Фарамор остановился, нахмурился и посмотрел в темноту леса справа от дороги. Он почувствовал легкое притяжение, словно далекий, чуть слышный зов. Там за деревьями явно что-то было, нечто манящее и приятно будоражащее.

— Я что-то чувствую, — сказал он Хету.

— Так почему бы тебе не посмотреть? — ответил демон. — Верь своим ощущениям.

Фарамор кивнул и свернул с дороги в лес, вслушиваясь в звуки ночи. Он прекрасно видел в темноте. То, что манило, становилось ближе. Это ощущение походило на то, что он испытывал вчера, двигаясь в лагерь лесорубов. Сердце бешено колотилось от предвкушения чего-то нового.

Между деревьями мелькнул огонек костра. Фарамор подумал, что это, возможно, охотник устроил ночной лагерь. Человек, которого можно убить. Не жажда ли убийства так его манила? Он почувствовал легкое разочарование. Всего лишь жертва? Всего лишь человек? Ну что же, да будет так.

Сжимая топор Фарамор начал ступать осторожно, стараясь, чтобы под ногами не шуршали листья. Он не ощущал звериного азарта, как вчера. Предстоящее убийство не вызывало удовольствия. Может уйти? К чему делать что-то против своей воли? Он уже видел сидящего возле костра лысого мужчину. Его глаза были прикрыты, отблески костра делали черты лица резкими, словно вырезанными из гранита.

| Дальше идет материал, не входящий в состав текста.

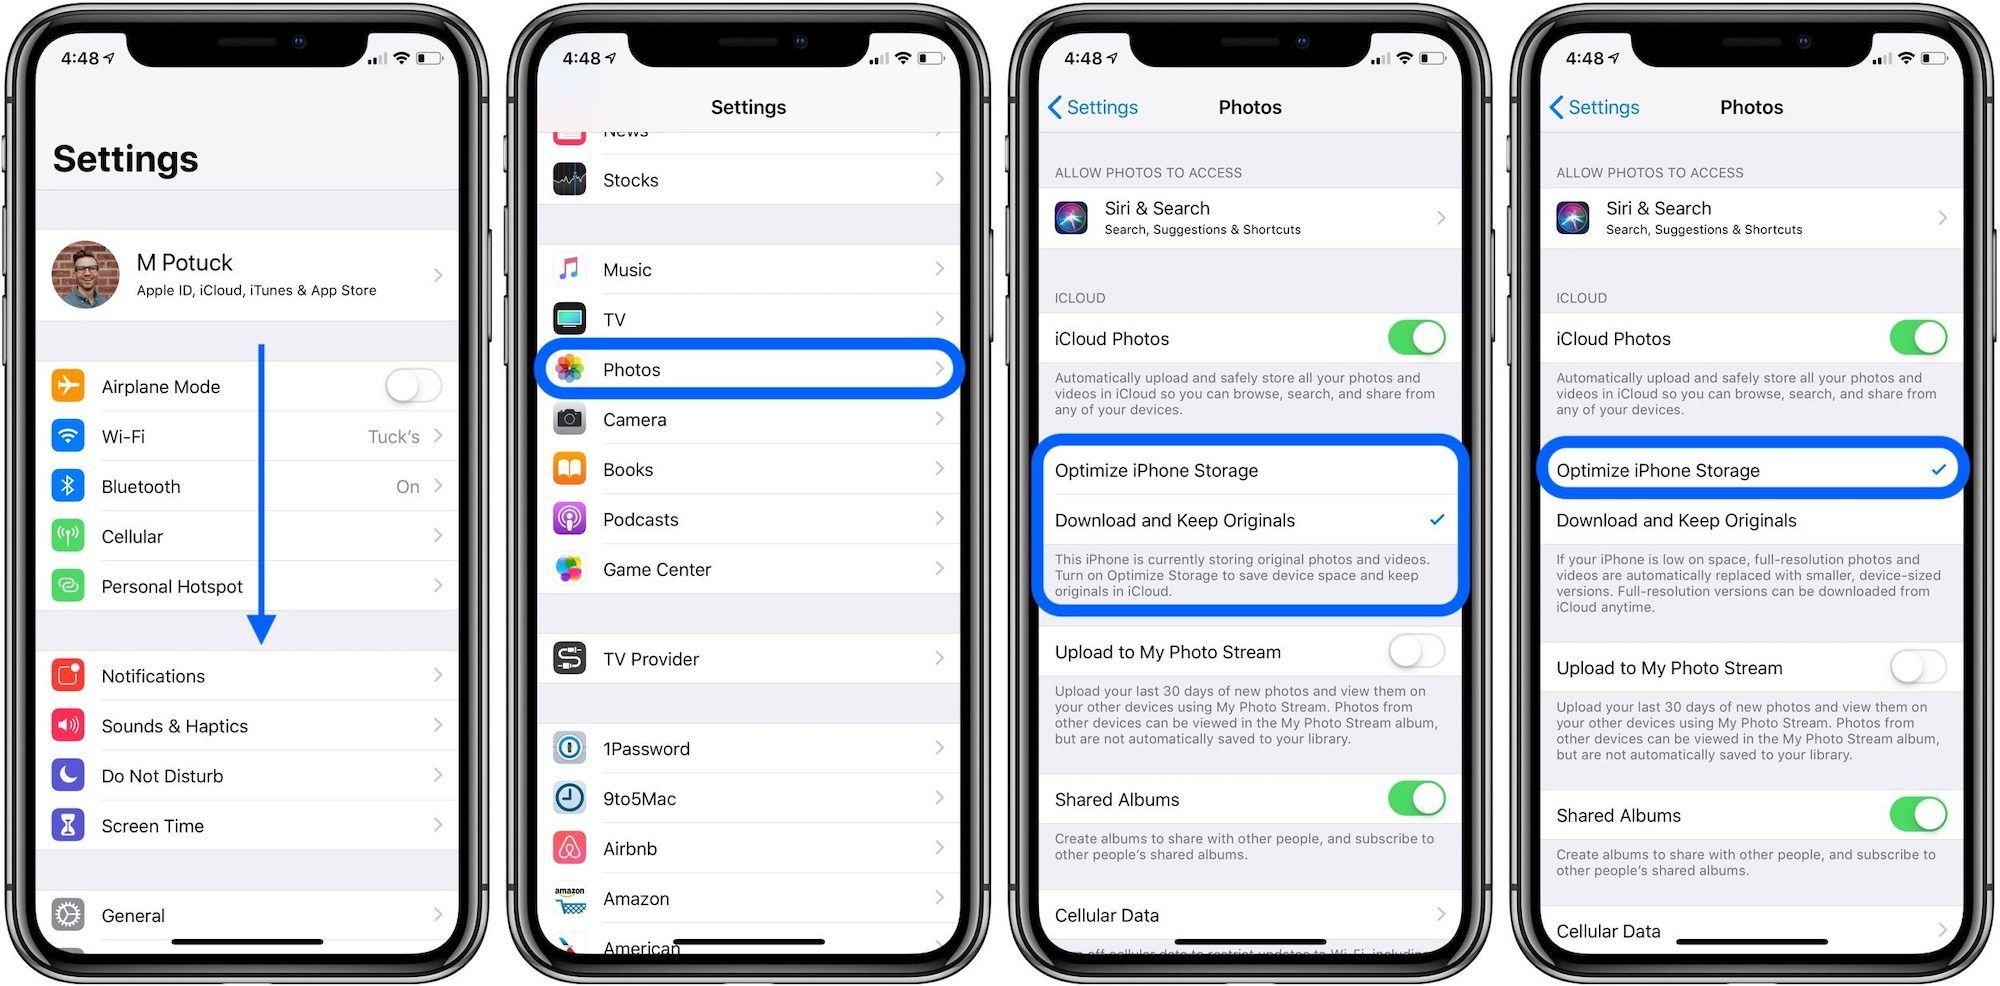 e80803881a5cc091efbbdfd36f56893b - How To Get Rid Of Other On My Iphone Storage

Фарамору не хотелось убивать этого человека. Искре нужны жизни? Ничего, подождет. Сегодня она обойдется без жертв. Он уже собирался развернуться и пойти назад на дорогу, как человек резко открыл глаза, посмотрел в темноту, в которой скрывался Фарамор и произнес:

— Подходи к костру, я почувствовал тебя уже давно, — у него был четкий спокойный голос.

Фарамор неуверенно вышел из темноты и встал возле костра.

— Странные у тебя волосы, — задумчиво произнес мужчина. — Серые. Они стали такими совсем недавно, верно? Хм… странно, весьма странно.

— Кто ты? — спросил Фарамор.

— Всего лишь человек, пригласивший тебя к своему костру. Меня зовут Блэсс Сараг.

— Ты не просто человек. Я это чувствую.

Мужчина склонил голову к плечу и прищурился.

— И кто же я, по-твоему?

— Не знаю. Колдун? — предположил Фарамор.

— Темный колдун! — Блэсс многозначительно поднял указательный палец. — Впрочем, как и ты… Хотя… — в его голосе и лице проскользнуло сомнение. — Ты слишком молод… Что-то в тебе не так, парень, но вот что?

Фарамор сел на землю и сквозь языки костра внимательно рассмотрел Блэсса. У колдуна было лицо, на котором совершенно не представлялась улыбка — черты резкие, выразительные, взгляд цепкий. На щеках и подбородке отсутствовала щетина, а брови такие тонкие, что казалось, их нет вовсе. Лоб прорезали три ровные морщины, через которые от переносицы до середины голого черепа тянулся тонкий бледный шрам.

— С моей стороны будет уместно задать тебе тот же вопрос, парень: кто ты? — с напряжением в голосе спросил Блэсс.

— Меня зовут Фарамор. Я не колдун, но… — он задумался, стоит ли говорить постороннему человеку об Искре и решил, что опасного в этом ничего нет. — Во мне Темная Искра, полагаю, ты слышал о ней, колдуны должны знать о таких вещах.

Блэсс некоторое время молчал. Его взгляд бегал по лицу юноши, словно прощупывая.

— Будь я проклят! — наконец выдохнул он. — Вот уж не думал, что когда-нибудь доживу до этого дня, — на его лбу выступила испарина. — Вот уж не думал… Темная Искра. Она в тебе недавно, верно?

— Да, — подтвердил Фарамор.

Из-за пояса выбрался Хет, спрыгнул на землю и сразу же отбежал на несколько шагов от костра.

— Раз здесь все свои, — проворчал он, — то и мне нечего таиться.

— Это мой помощник, — пояснил Фарамор. — Он выглядит как кукла, но на самом деле — демон.

Блэсс только пожал плечами. Казалось, кукла-демон на него впечатления не произвела.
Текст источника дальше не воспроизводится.